EXERCISE DIRECTIONS:
In the records below, locate the line containing "44d15e4f676 PUMA Vikky"; output that line and every following line through the last, exactly.

Records from a data source:
========
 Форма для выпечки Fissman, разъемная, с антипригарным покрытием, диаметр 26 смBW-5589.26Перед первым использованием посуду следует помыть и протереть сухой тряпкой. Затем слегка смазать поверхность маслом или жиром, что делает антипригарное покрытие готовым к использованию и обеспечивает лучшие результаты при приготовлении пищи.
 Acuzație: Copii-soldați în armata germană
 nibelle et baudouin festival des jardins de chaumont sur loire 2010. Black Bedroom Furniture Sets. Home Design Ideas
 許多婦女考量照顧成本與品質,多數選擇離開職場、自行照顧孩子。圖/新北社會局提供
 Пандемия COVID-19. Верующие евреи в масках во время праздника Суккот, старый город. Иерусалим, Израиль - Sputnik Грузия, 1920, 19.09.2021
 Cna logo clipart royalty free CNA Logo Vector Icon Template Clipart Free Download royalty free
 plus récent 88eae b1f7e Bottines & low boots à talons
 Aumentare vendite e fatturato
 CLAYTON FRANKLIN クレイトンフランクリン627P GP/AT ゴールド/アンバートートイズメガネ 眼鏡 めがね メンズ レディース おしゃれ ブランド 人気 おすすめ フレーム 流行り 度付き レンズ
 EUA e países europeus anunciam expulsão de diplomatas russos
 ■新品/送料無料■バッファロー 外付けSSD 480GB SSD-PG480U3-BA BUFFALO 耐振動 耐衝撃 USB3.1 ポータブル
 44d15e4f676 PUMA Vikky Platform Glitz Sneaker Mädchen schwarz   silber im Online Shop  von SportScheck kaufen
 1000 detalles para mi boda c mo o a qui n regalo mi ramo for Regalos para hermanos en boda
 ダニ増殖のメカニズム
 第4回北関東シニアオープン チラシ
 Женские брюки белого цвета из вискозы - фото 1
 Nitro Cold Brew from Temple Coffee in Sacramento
========
FINAL ANSWER:
 44d15e4f676 PUMA Vikky Platform Glitz Sneaker Mädchen schwarz   silber im Online Shop  von SportScheck kaufen
 1000 detalles para mi boda c mo o a qui n regalo mi ramo for Regalos para hermanos en boda
 ダニ増殖のメカニズム
 第4回北関東シニアオープン チラシ
 Женские брюки белого цвета из вискозы - фото 1
 Nitro Cold Brew from Temple Coffee in Sacramento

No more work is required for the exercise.